Abstract
A large majority of genome-encrypted chemical diversity in actinobacteria remains to be discovered, which is related to the low level of secondary metabolism genes expression. Here, we report the application of a reporter-guided screening strategy to activate cryptic polycyclic tetramate macrolactam gene clusters in Streptomyces albus J1074. The analysis of the S. albus transcriptome revealed an overall low level of secondary metabolism genes transcription. Combined with transposon mutagenesis, reporter-guided screening resulted in the selection of two S. albus strains with altered secondary metabolites production.
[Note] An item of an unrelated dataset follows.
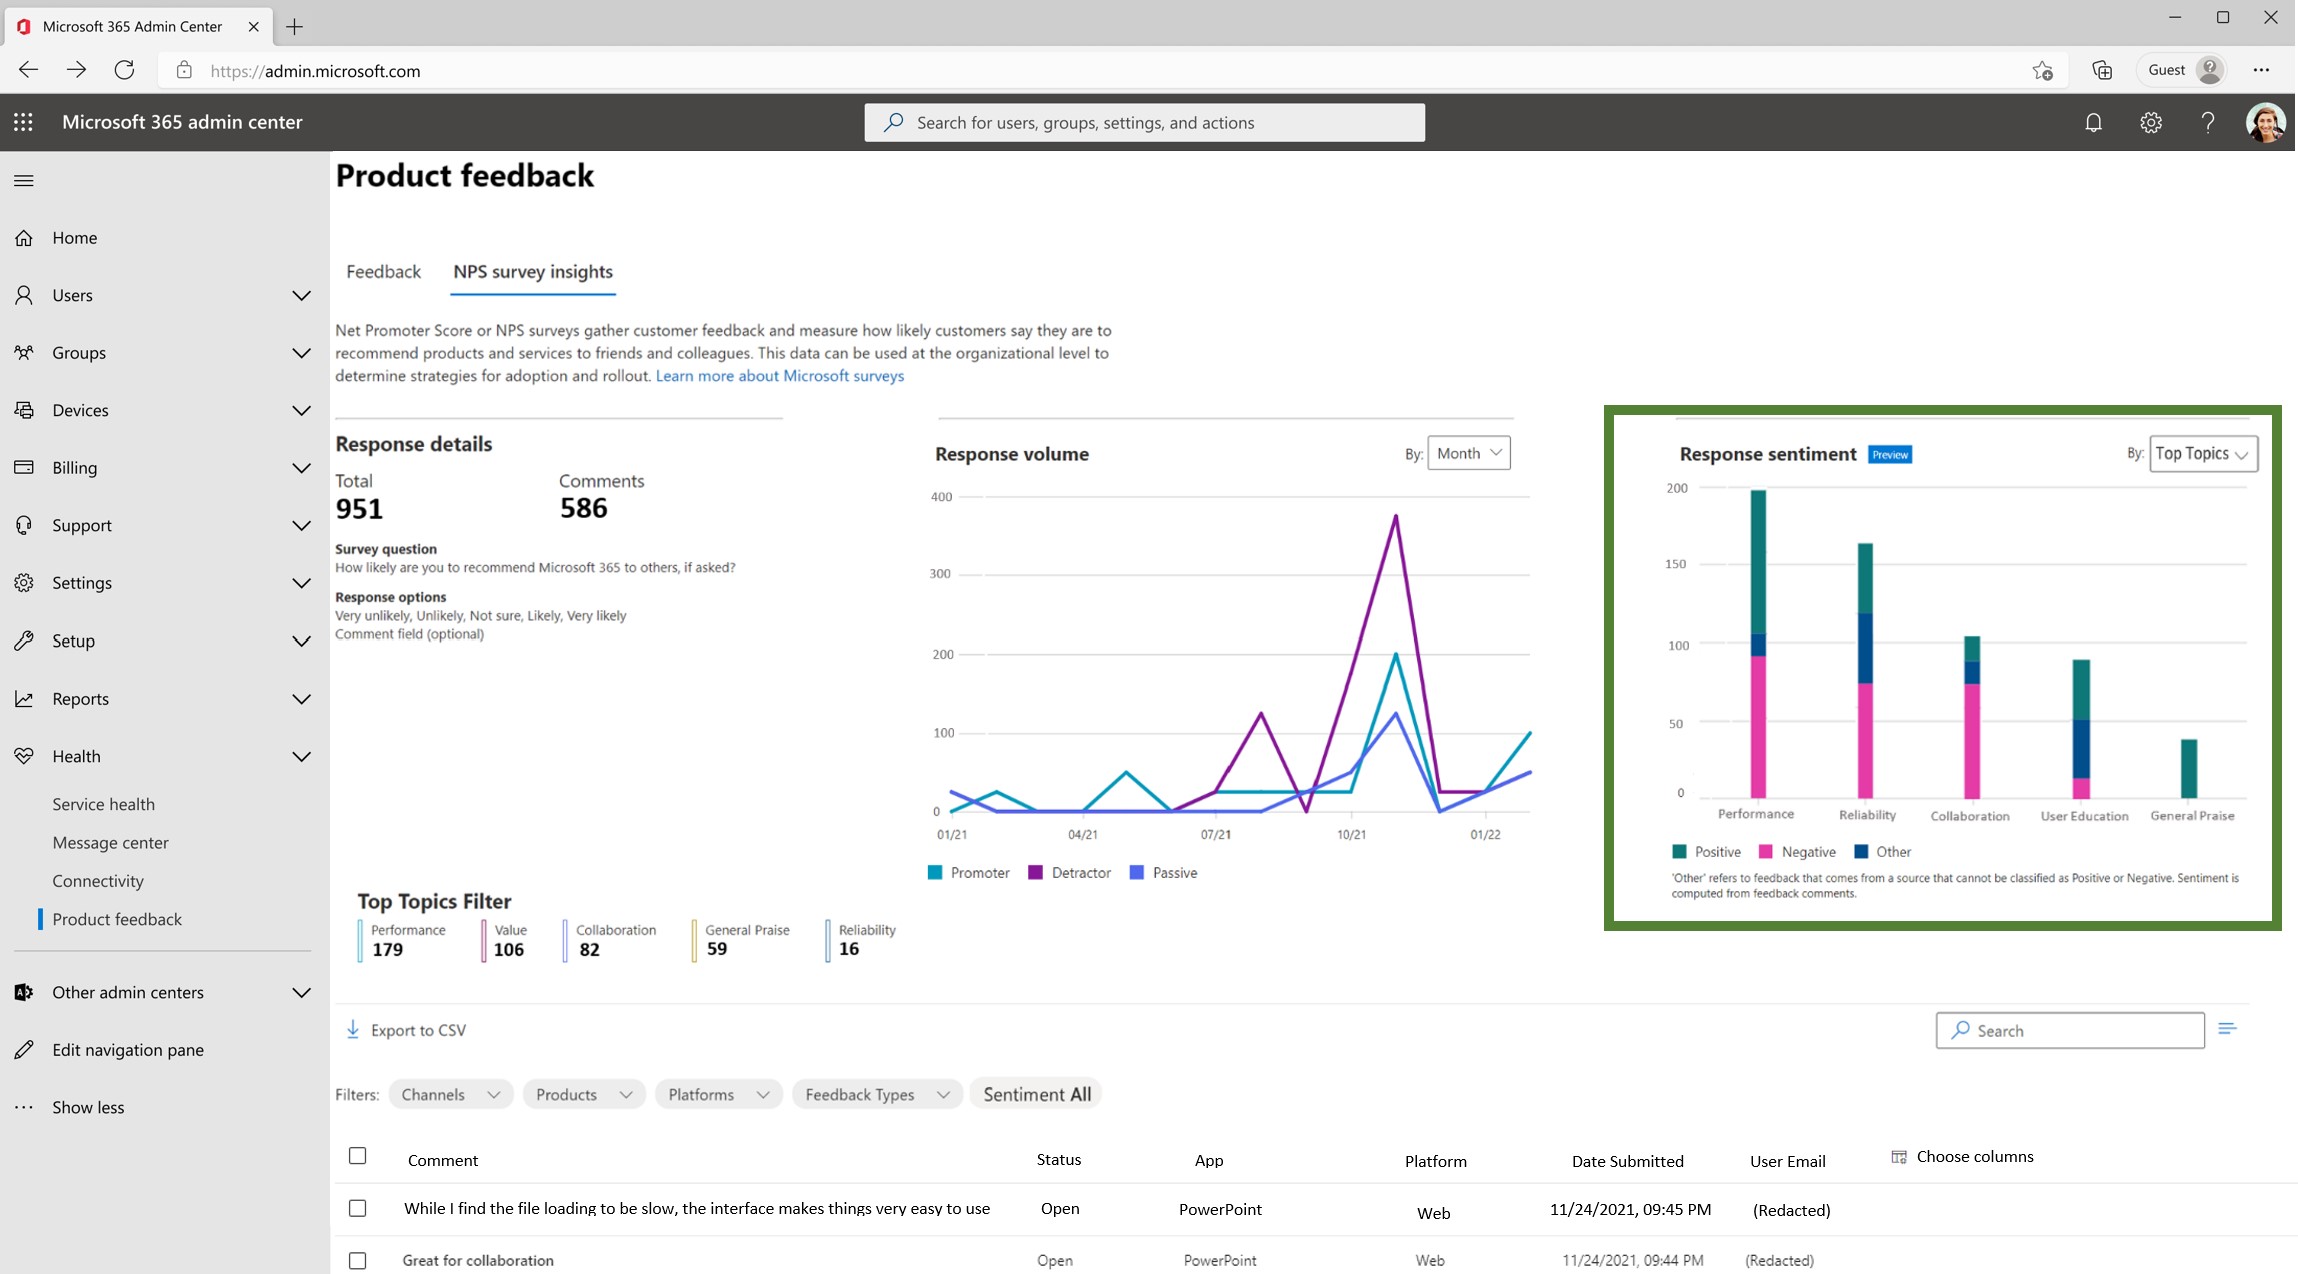 MC455195: Net Promoter Score (NPS) Sentiment Insights Per Topic Available to IT Administrators

Transposon insertion in the most prominent strain, S. albus ATGSal2P2::TN14, was mapped to the XNR_3174 gene encoding an unclassified transcriptional regulator. The mutant strain was found to produce the avenolide-like compound butenolide 4. The deletion of the gene encoding a putative acyl-CoA oxidase, an orthologue of the Streptomyces avermitilis avenolide biosynthesis enzyme, in the S. albus XNR_3174 mutant caused silencing of secondary metabolism. The homologues of XNR_3174 and the butenolide biosynthesis genes were found in the genomes of multiple Streptomyces species. This result leads us to believe that the discovered regulatory elements comprise a new condition-dependent system that controls secondary metabolism in actinobacteria and can be manipulated to activate cryptic biosynthetic pathways.
Highlights
The genomics era in actinobacteria research has led to rapid changes in our understanding of secondary metabolite diversity[1, 2]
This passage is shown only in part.